He began by paying tribute to his “excellent women clergy colleagues who give of themselves with extraordinary dedication to the people of Coventry and Warwickshire.”

He continued: “The common life of Coventry and Warwickshire depends on the leadership of women in every other sphere—in political and civic life, in business activity and public institutions, in the arts and sport, and in the myriad of charities and agencies that care for those in need and raise the quality of our life together.

“It was notable that at our recent Coventry and Warwickshire Community Awards six of the seven prizes were awarded to women, all of them remarkable people.”

Bishop Christopher also spoke about the great relevance of Coventry’s history to the world today. He called for the centenary anniversary of the First World War to remember that the tears of German widows and mothers flowed with the same agony as those of British and Commonwealth women.

The bishop continued: “My Lords will know that although International Women’s Day had its origins in the movement for women’s suffrage, during the First World War its focus shifted to the struggle against war—war waged through so much of history by men, but suffered by women and their children.

“My own grandmother was one of them. She died as a result of running down the steps of a London underground station fleeing a Zeppelin raid in 1917. She was pregnant with my father’s brother. My father was left motherless, the only child of a father who was overwhelmed and who turned to his own mother to care for his son.

“And she did a great job. He died just before I became a bishop, so he had no idea I would be standing here today, but he would have been 100 years old on this coming Sunday.”

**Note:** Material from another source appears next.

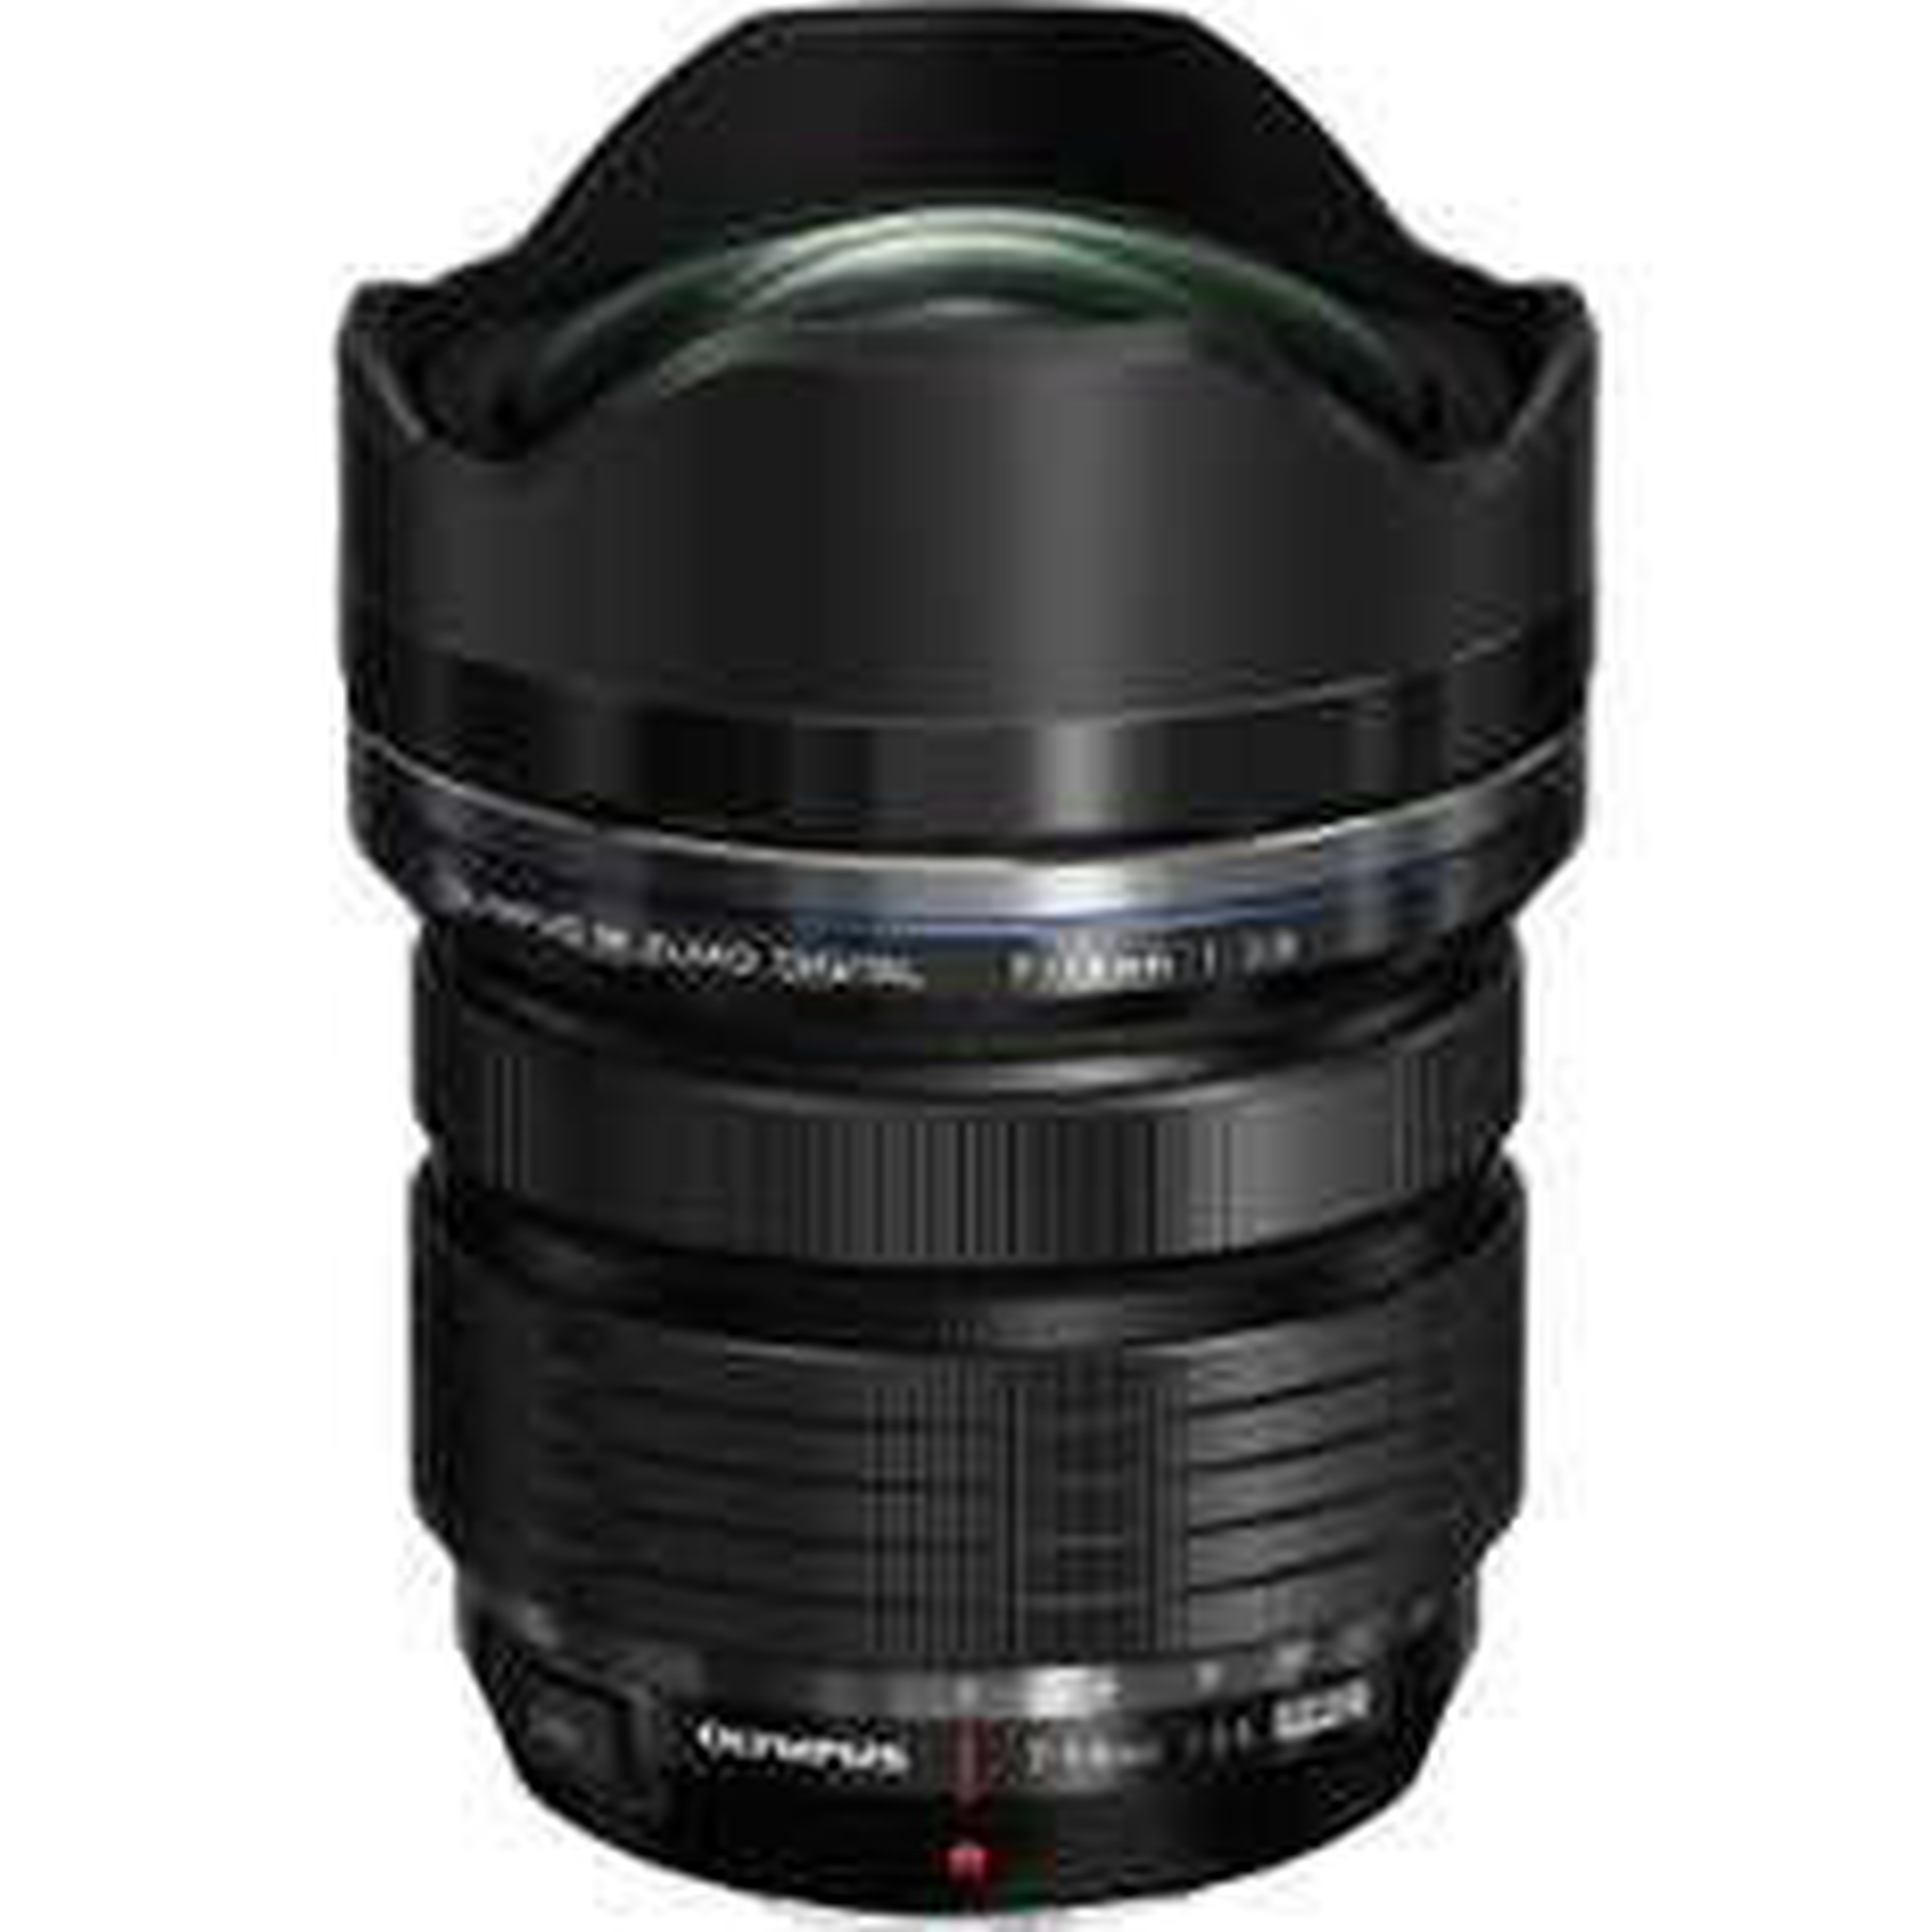 [eBay] Olympus M.ZUIKO Digital ED 7-14mm f/2.8 PRO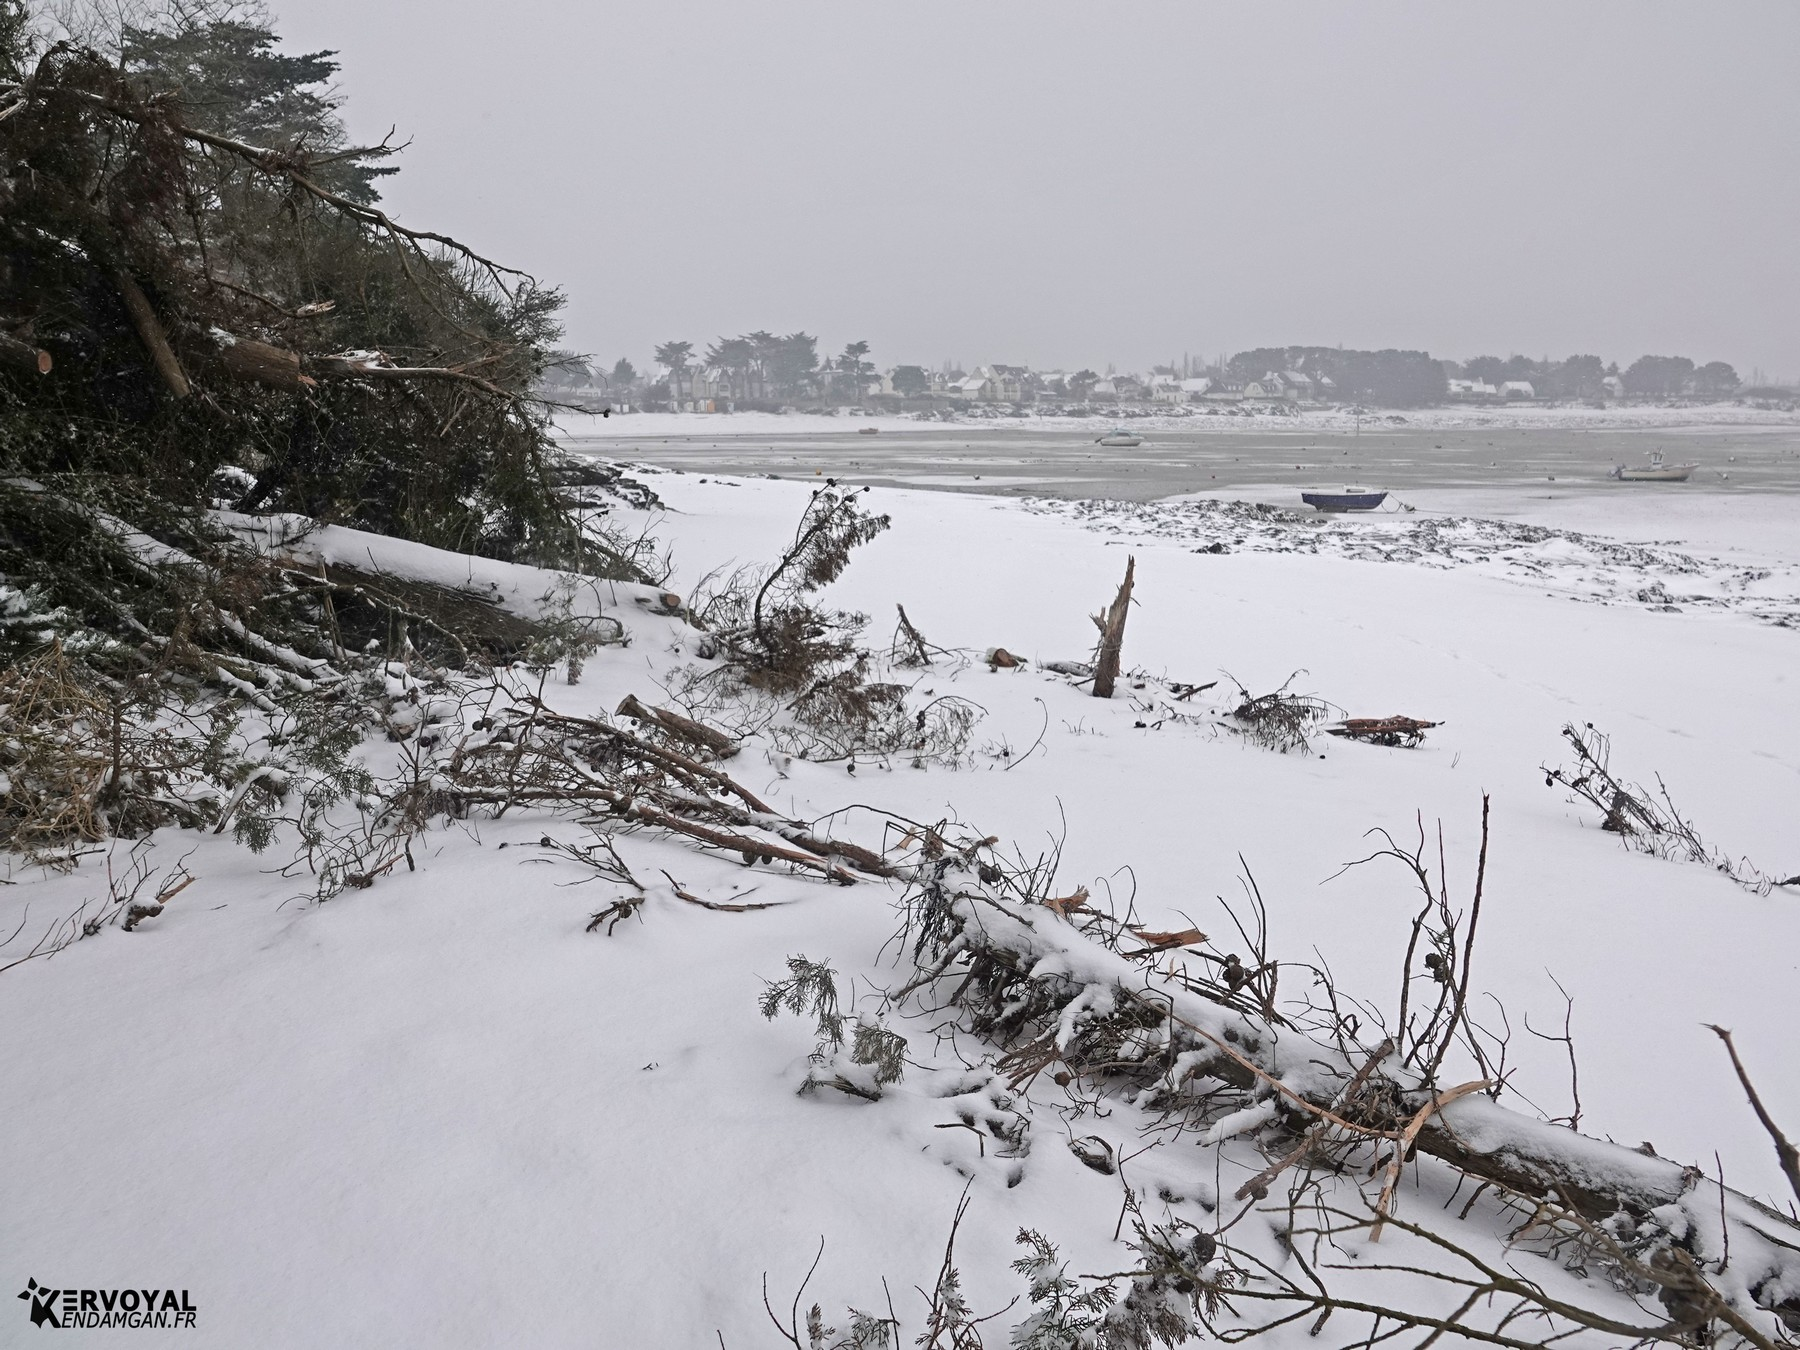 neige à kervoyal 11 février 2021 damgan morbihan (40)

Bishop Christopher has been asked to preach at the Kaiser Wilhelm Memorial Church, in Berlin, in Novem-ber when it marks the 70th anniversary of its destruction in an Allied air raid. While in the city he will pay his respects at Germany’s national memorial for victims of war and violence—Käthe Kollwitz’s statue of a weeping mother holding her dead son.

He concluded his speech: “It is alongside and with our former enemy who is now our friend that we reflect with Germany and our European partners on the impact of war on our continent and share a commitment to work for a reconciled and peaceful future for the world.”